=== RECORDS TO USE ===

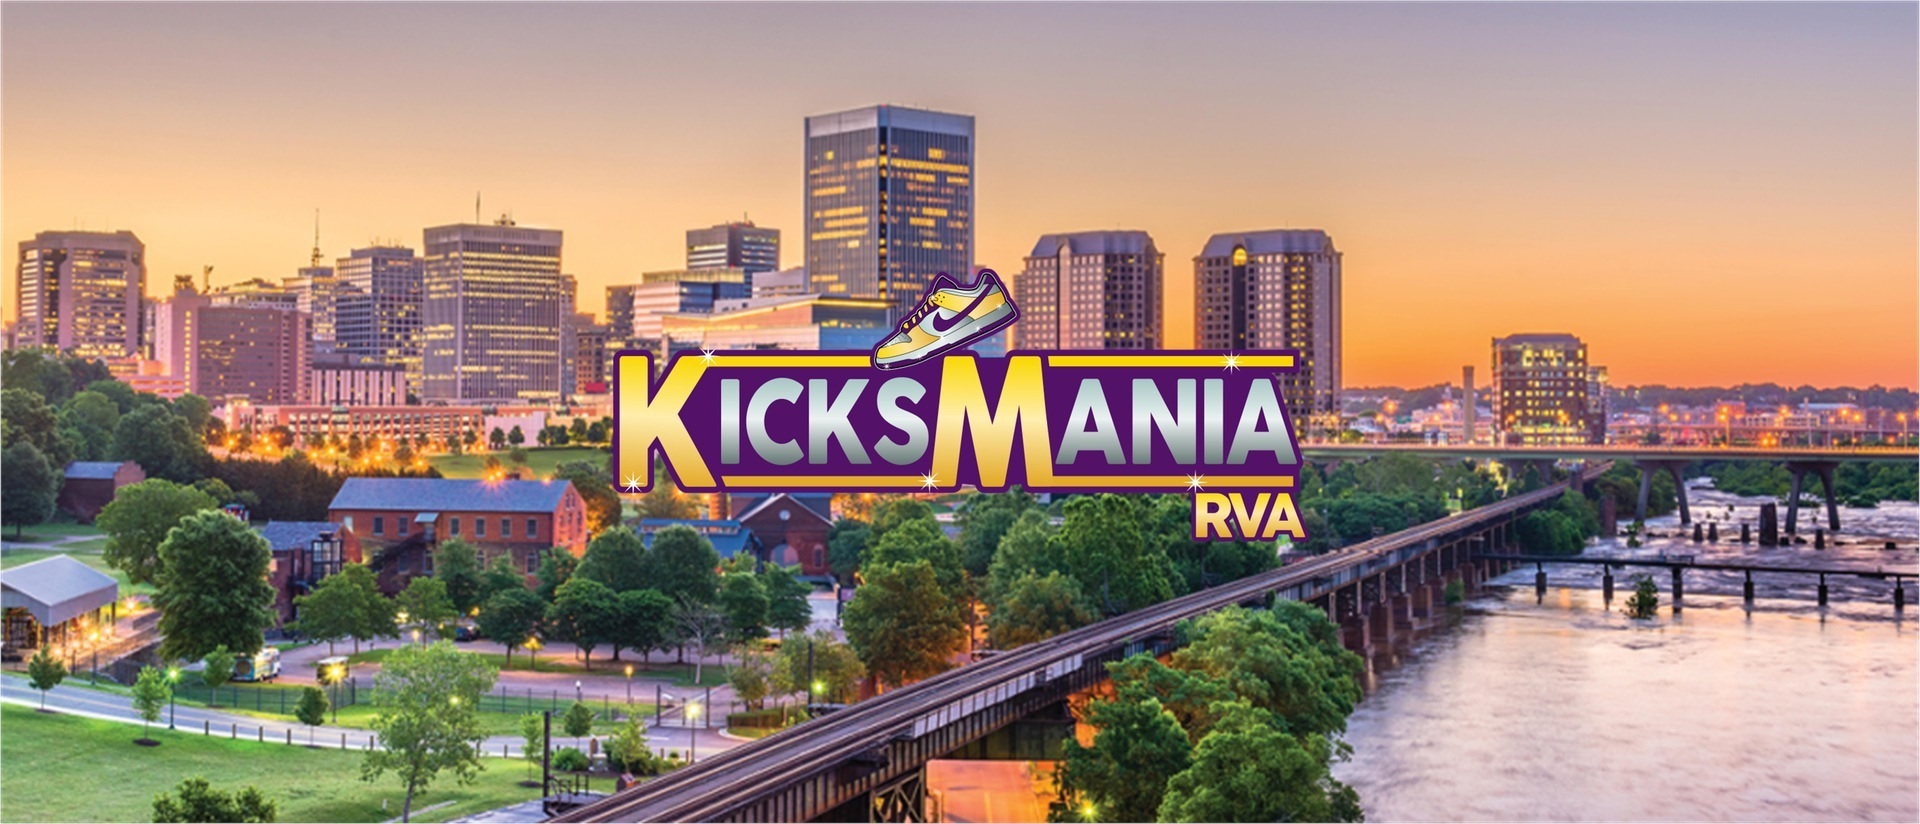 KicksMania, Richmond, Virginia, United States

===
=== RECORDS TO USE ===

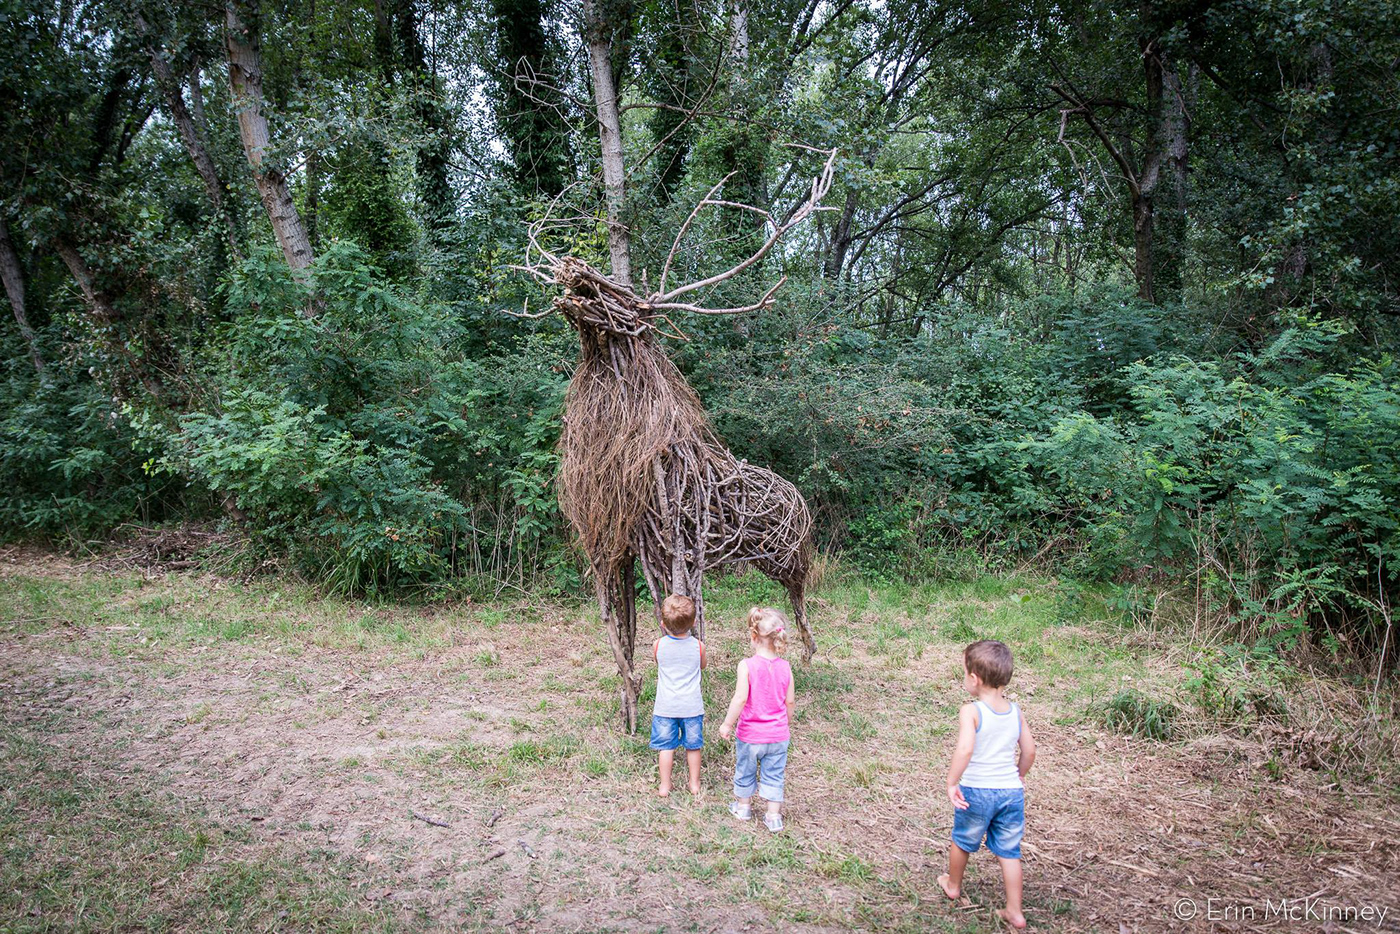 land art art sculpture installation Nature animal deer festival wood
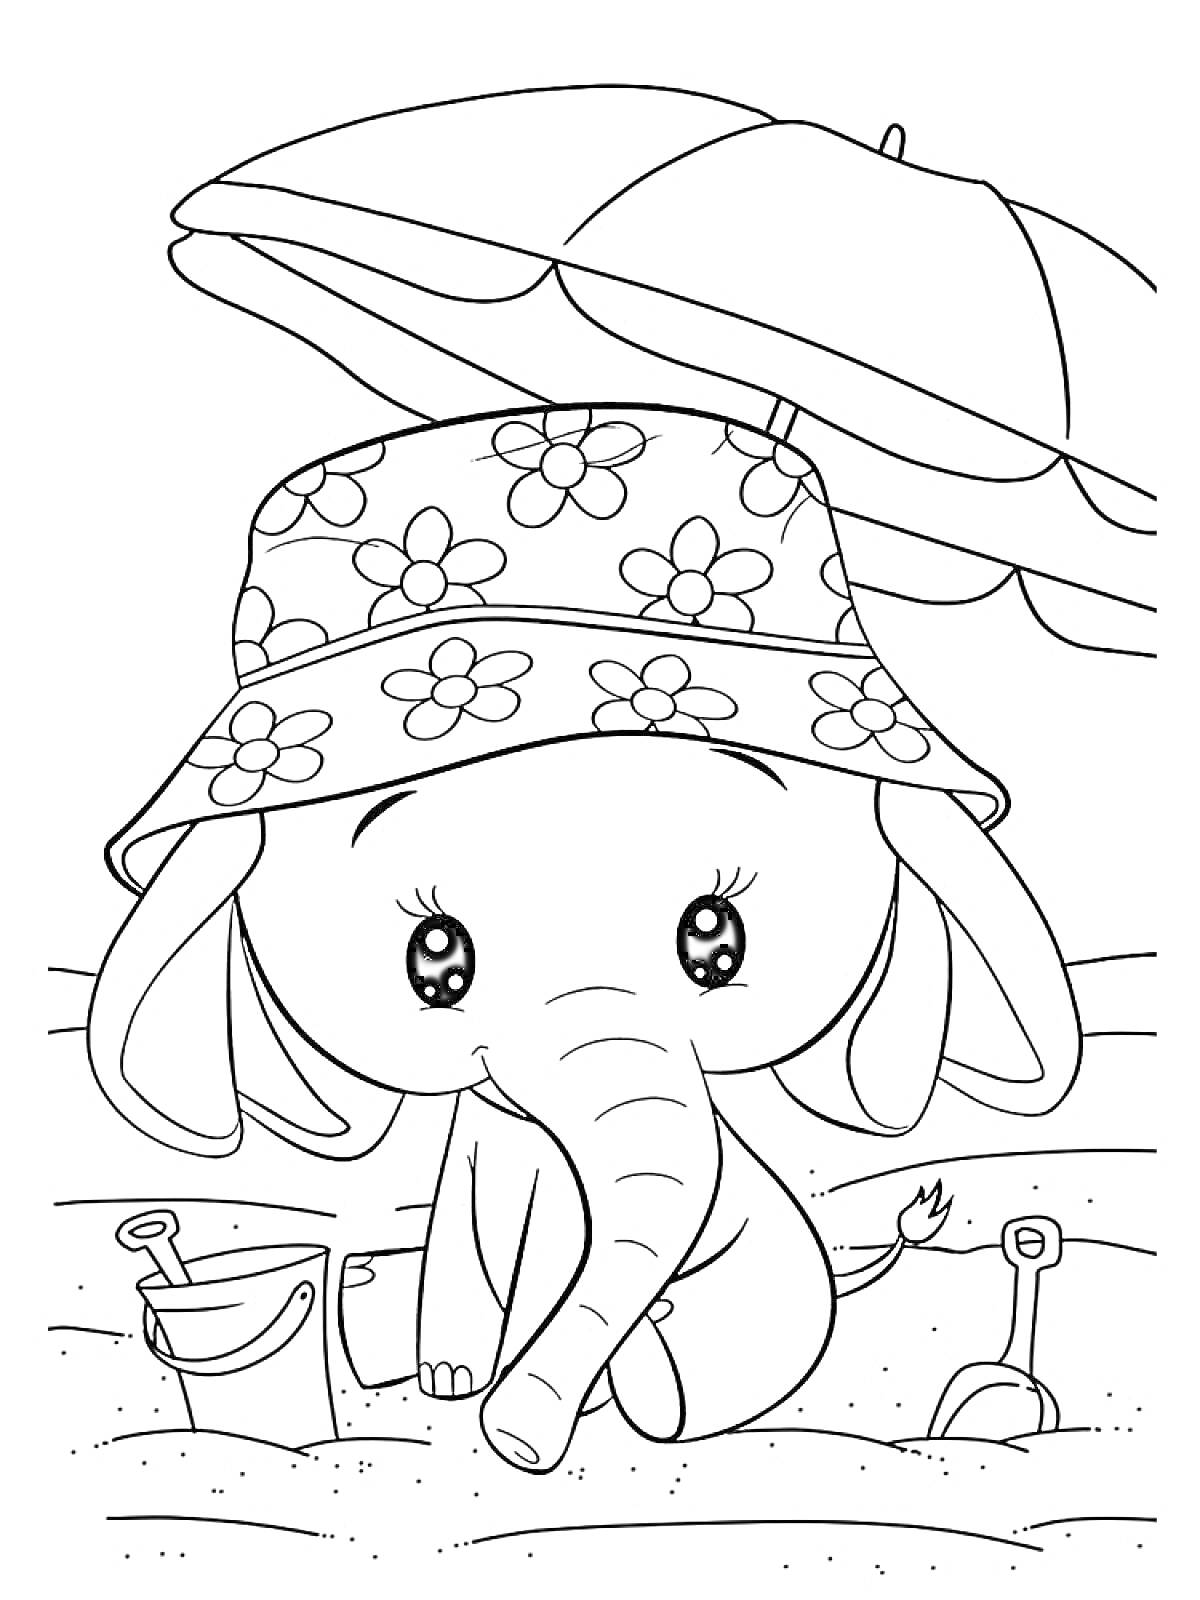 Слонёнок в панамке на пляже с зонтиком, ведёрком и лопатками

===

> AIM OF THE TASK:
The expected output is the lines above from the one containing "land art art" to the one containing "Слонёнок в панамке", both ends included, reproduced exactly with every picture left out.

> YOUR RESPONSE:
 land art art sculpture installation Nature animal deer festival wood
 Слонёнок в панамке на пляже с зонтиком, ведёрком и лопатками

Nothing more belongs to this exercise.